When it comes to filing your tax return, spending 39 cents could be the biggest mistake you ever make.

Millions of taxpayers make the mistake of putting their income tax return in a regular letter-sized envelope, sticking on a 39 cent stamp, and placing the envelope in the mailbox.

And millions of taxpayers “get away” with this mistake year after year.

Why do I say that putting your tax return in the mailbox is a mistake? Let me explain.

Every year, a small percentage of mail doesn’t get delivered. The U.S. Postal Service doesn’t like to admit this, but it’s true.

Furthermore, even if your tax return gets delivered to the IRS, every year a small percentage of tax returns get lost by the IRS.

Don’t believe me? I’ll never forget the day one of my clients showed me a letter he received from the IRS:

“We regret to inform you that we received your return…. but have lost it.”

Believe it or not, this actually happened!

So my question to you is this: What are you doing to do if this happens to you?

If your tax return doesn’t get delivered, or if it gets delivered but is subsequently lost inside the mammoth IRS, what are you going to do to prove that you actually mailed the return?

Just calling the IRS and saying, “Well, I mailed it on time. I know I did!” isn’t going to prove anything. And the burden to prove you mailed the return on time will rest on your shoulders.

You have two ways to solve this potentially dangerous problem:

OPTION #1: File your return electronically.

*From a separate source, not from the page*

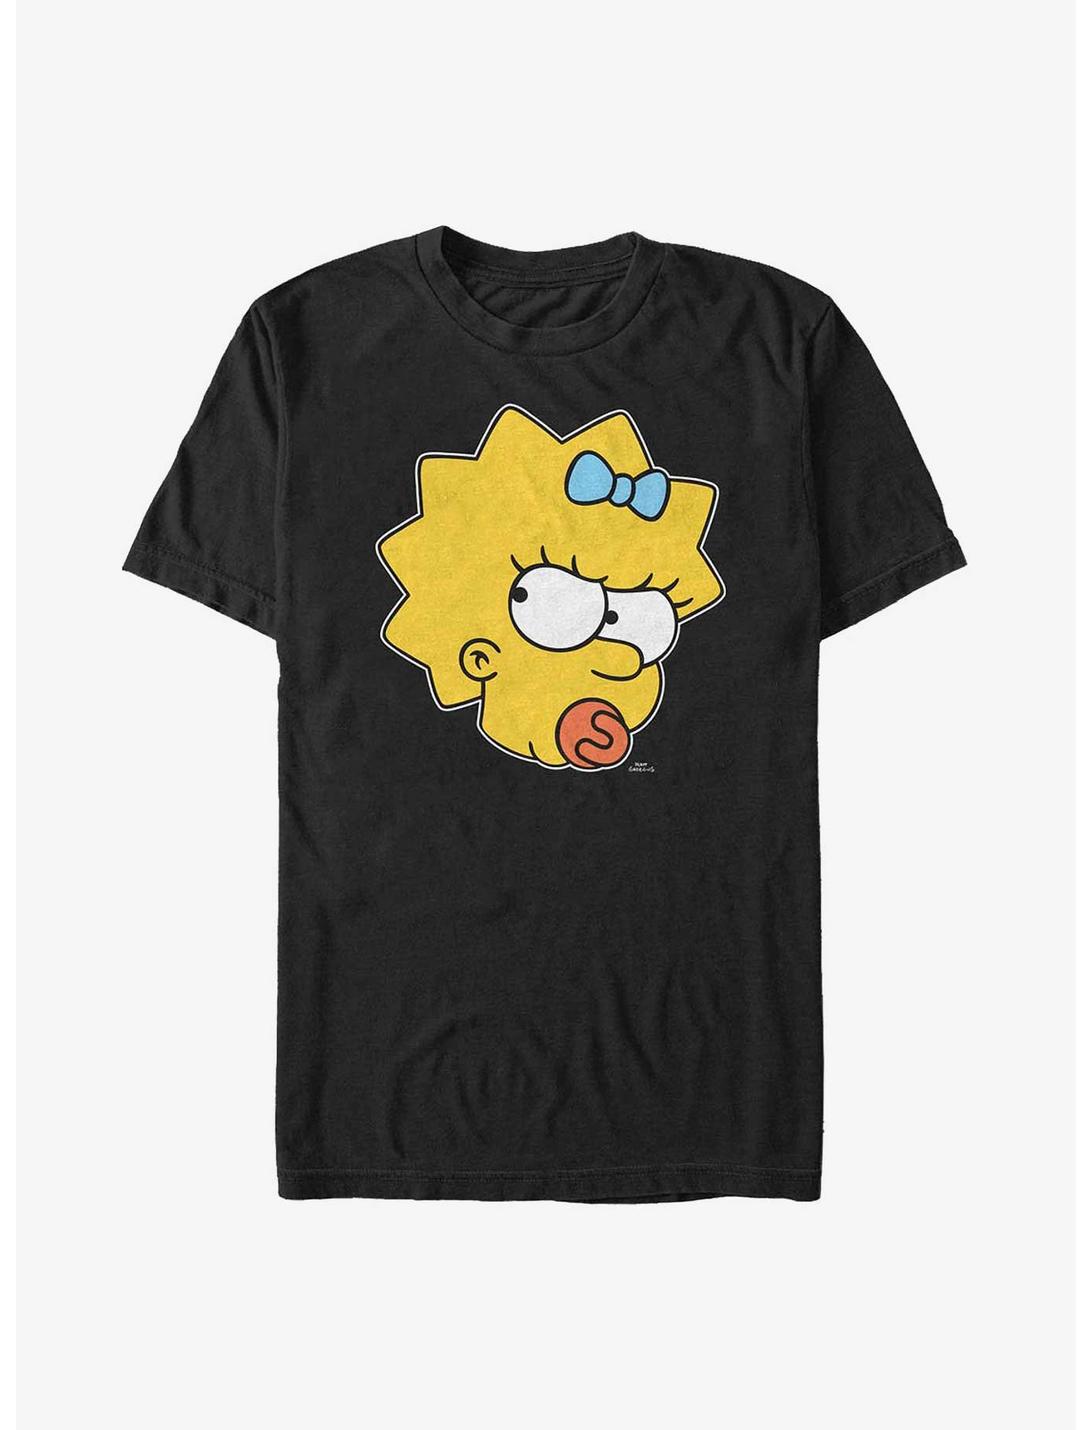 The Simpsons Sassy Maggie Face Image T-Shirt, BLACK, hi-res
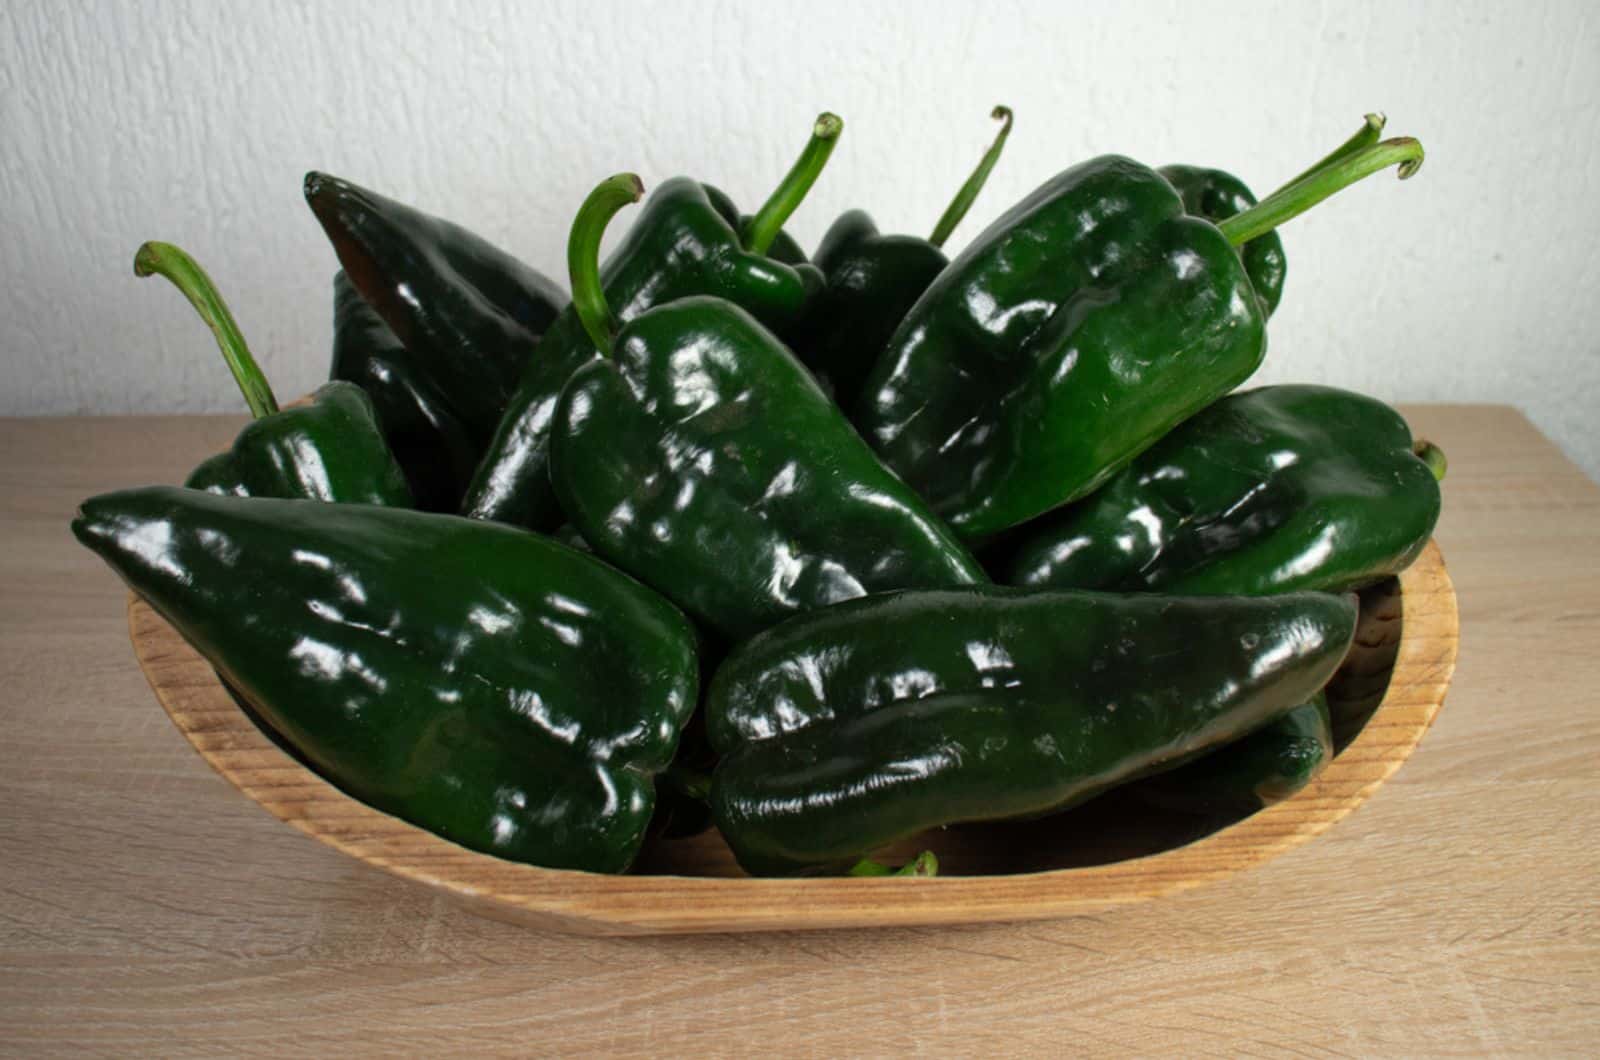 Poblano Pepper's on a wooden basket

There are many benefits to e-filing:

– Accuracy. In order for a return to get e-filed it must pass several strict accuracy tests, thereby significantly reducing the chance of human error. E-filed returns are subject to this level of scrutiny at the point of origination.

– Security. The filer creates his own electronic signature, resulting in a truly paperless experience.

– Speed. If you’re due a refund, it can take 6-8 weeks with a paper return. Combined with direct deposit, your e-filed return will generate a refund in as little as 10 days.